Compensation and related benefits for the CityWalk studio were $37,267 higher
than in the fiscal quarter ended December 31, 1995 as a consequence of the
increase in revenues. Cost of revenues, as a percentage of sales, remained
constant between the two quarters at 79% of sales. Depreciation for the CityWalk
Studio was higher than the fiscal quarter ended December 31, 1995, by $3,243 as
a result of the purchase, and consequent depreciation, of additional equipment.

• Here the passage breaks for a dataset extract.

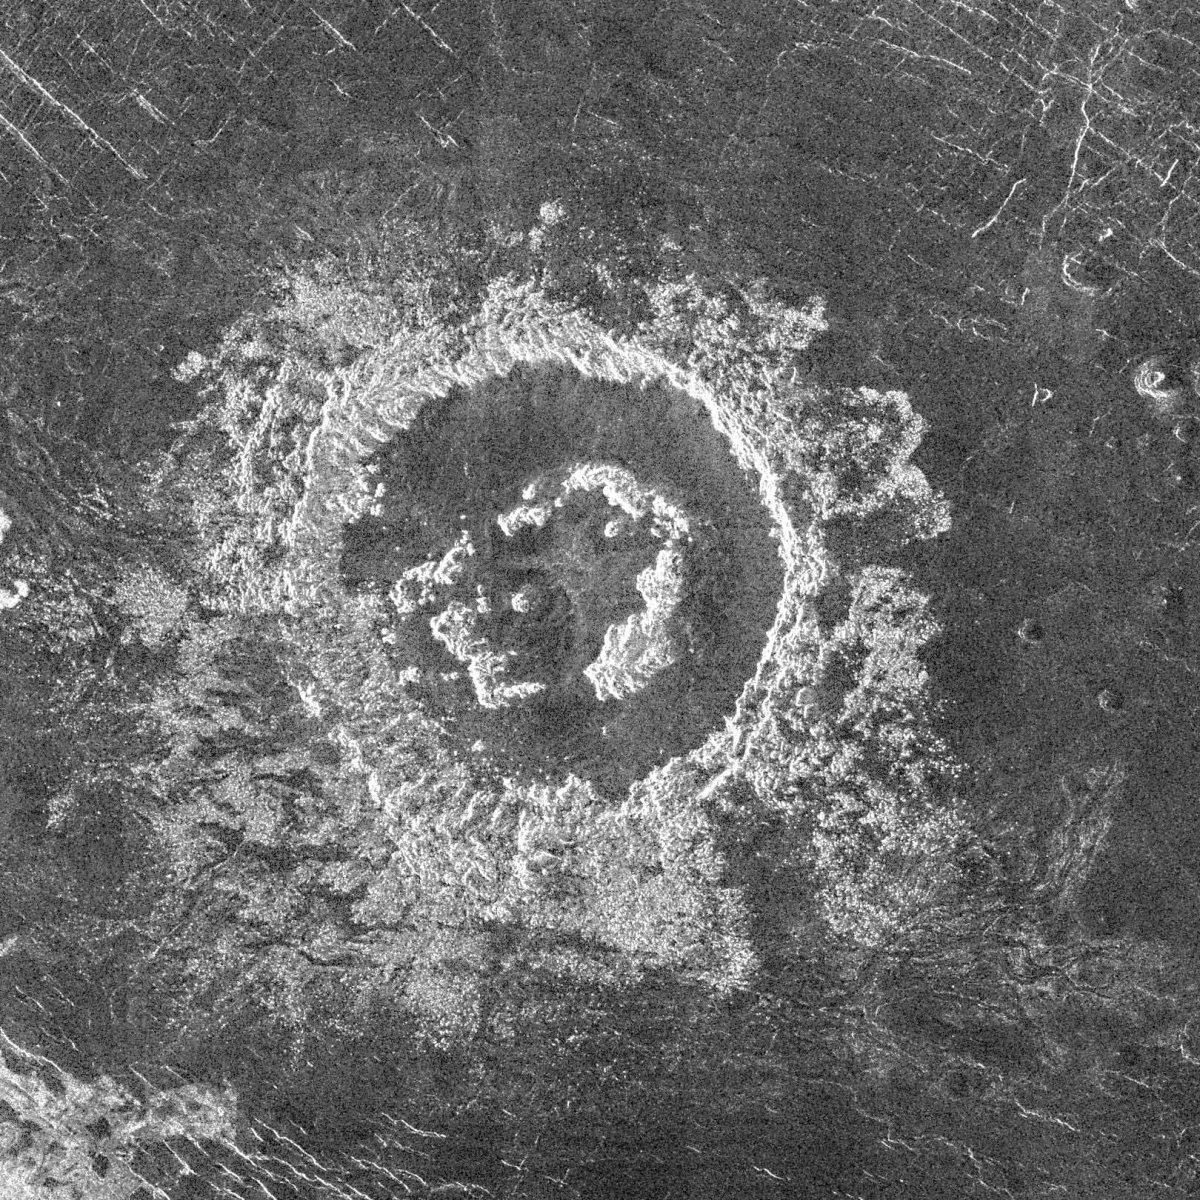 The Barton Crater on Venus

Rent for the CityWalk Studio was higher than the fiscal quarter ended December
31, 1995 by $4,095, as a result of the Company paying rent based on a percentage
of revenues, such revenues being higher than in the fiscal quarter ended
December 31, 1995 by $41,155. Other cost of revenues for the CityWalk Studio
decreased by $12,543 as a result of tighter controls over the ordering of
supplies, and expenditure in general. The CityWalk Studio earned gross income of
$78,163 during the fiscal quarter ended December 31, 1996 compared to gross
income of $69,070 for the same period last year, an improvement of $9,093, or
13%.
Cost of revenues for the Irvine Studio was $209,738, resulting in a
gross loss of $59,931. Included in cost of revenues was $44,723 of depreciation,
a non-cash expense. The Irvine Studio continues to perform well below
expectation and the Company is committed to the continued development of the
portfolio of products available at the Irvine Studio as well as pursuing
business opportunities through corporate accounts and marketing activities to
consumers in the greater Orange County area in an endeavor to improve its
revenues.
Following continued modification to and development of the Travelling
Studio during the preceding months, limited operation of the unit commenced in
the fiscal quarter ended December 31, 1996. The Travelling Studio generated
$5,045 of revenues during the quarter, from two, two day promotions, and
incurred $8,196 of costs, resulting in a gross loss of $3,151. Development costs
associated with the Travelling Studio have been included in General and
Administrative expenses. The Travelling Studio is administered by the Irvine
Studio and the Company is committed to finding additional opportunities and
venues for the utilization of the Travelling Studio.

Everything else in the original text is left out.